Question Answering: H-Bot
Although far from the highest form of the discipline, much of history deals with answering factual questions about the past. In which year was Charles Darwin's Origin of Species published? (1859.) When did French peasants storm the Bastille? (July 14, 1789.) Who was the first president of Liberia? (Joseph Jenkins Roberts, an émigré from Virginia.) In the digital age, answering such questions has become vastly easier, and indeed this process even has the potential to be automated, freeing up historians and their students to engage in more advanced analyses of the past.7 Here again, computer scientists have a great deal to teach the humanists, who are used to consulting reference sources manually or scanning primary and secondary sources for answers. Indeed, "question answering" (QA), like document classification, has been a staple of information theory courses and information retrieval software for decades. Because the automated extraction of answers from large corpuses has promising commercial and defense (i.e., intelligence) applications, for the last fourteen years the National Institute of Standards and Technology (NIST) and the U.S. Department of Defense have sponsored the Text Retrieval Conference (TREC) to spur development in this area.8
QA is a far greater challenge than document classification because it exercises almost all of the computational muscles. Not only do you have to find relevant documents in massive corpuses (involving methodologies of search and document classification), you also have to interpret users' questions well to know what they are looking for (natural language processing) and analyze the text of retrieved documents using a variety of statistical and linguistic methods (information theory, regular expressions, and other text parsing techniques).

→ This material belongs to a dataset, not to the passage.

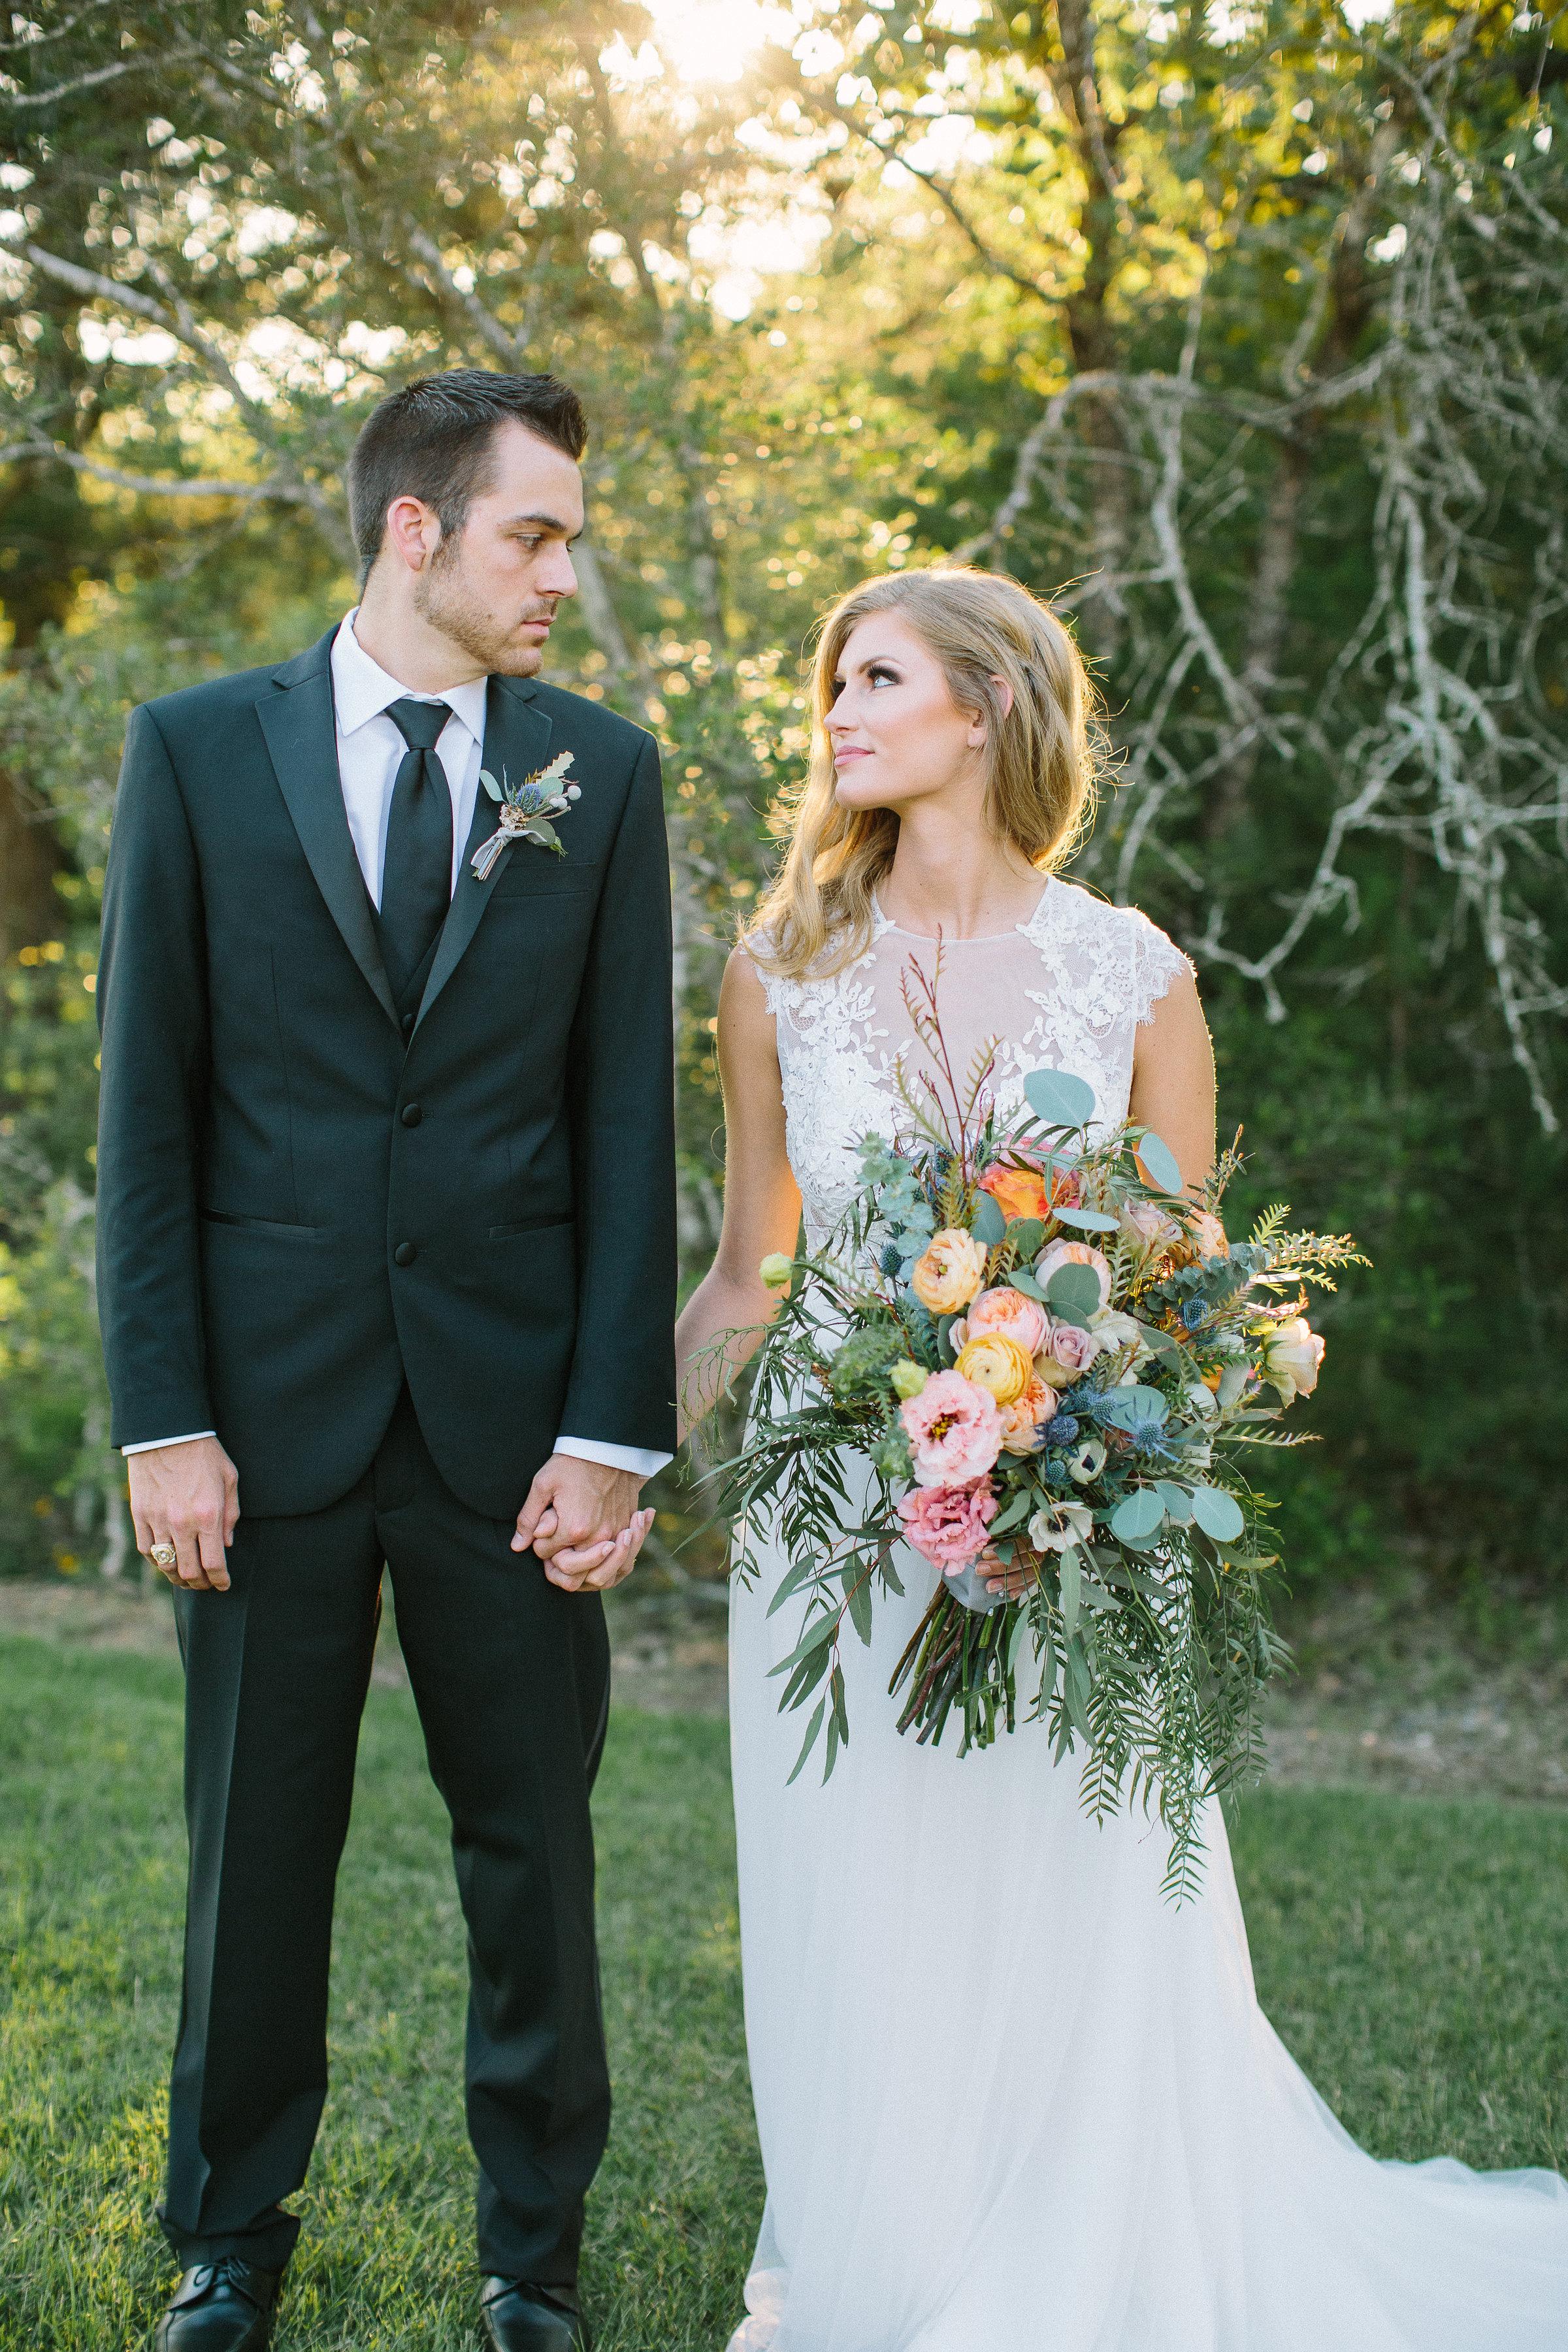 Ellen-Ashton-Photography-Peach-Creek-Ranch-Weddings-Wed-and-Prosper283

The experimental tool I have worked on in the field of QA is called H-Bot, an automated historical fact finder (programmed with Simon Kornblith).9 H-Bot accepts natural language queries about historical events, people, and terms, and then uses a series of data-mining techniques to try to answer them. For instance, it can rapidly answer simply phrased questions such as "When did Charles Lindbergh fly to Paris?" Although it has a fast mode that looks at "trusted sources" first (i.e., online encyclopedias and dictionaries), it can also use the entire Web to answer questions through text analysis and algorithms. To determine when Charles Lindbergh took his famous flight to Paris (in this "pure" mode, where it does not simply try to find a reliable encyclopedia entry), H-Bot uses an open source natural language processing package and associated dictionaries to pull out the key terms "Charles Lindbergh" and "Paris." It also uses a freely available English irregular verb lookup table to convert "fly" into the more useful (for historical purposes) "flew." H-Bot then asks Google to send it a cache of web pages that have all of those words, which the software then (in the case of questions that begin with "when") scans for strings that look like years (i.e., positive three- and four-digit numbers). In this case it finds many instances of "1902" and "1974" (Lindbergh's birth and death years), but, most of all, it finds a statistically indicative spike around "1927," the year that Lindbergh made his pioneering flight to Paris.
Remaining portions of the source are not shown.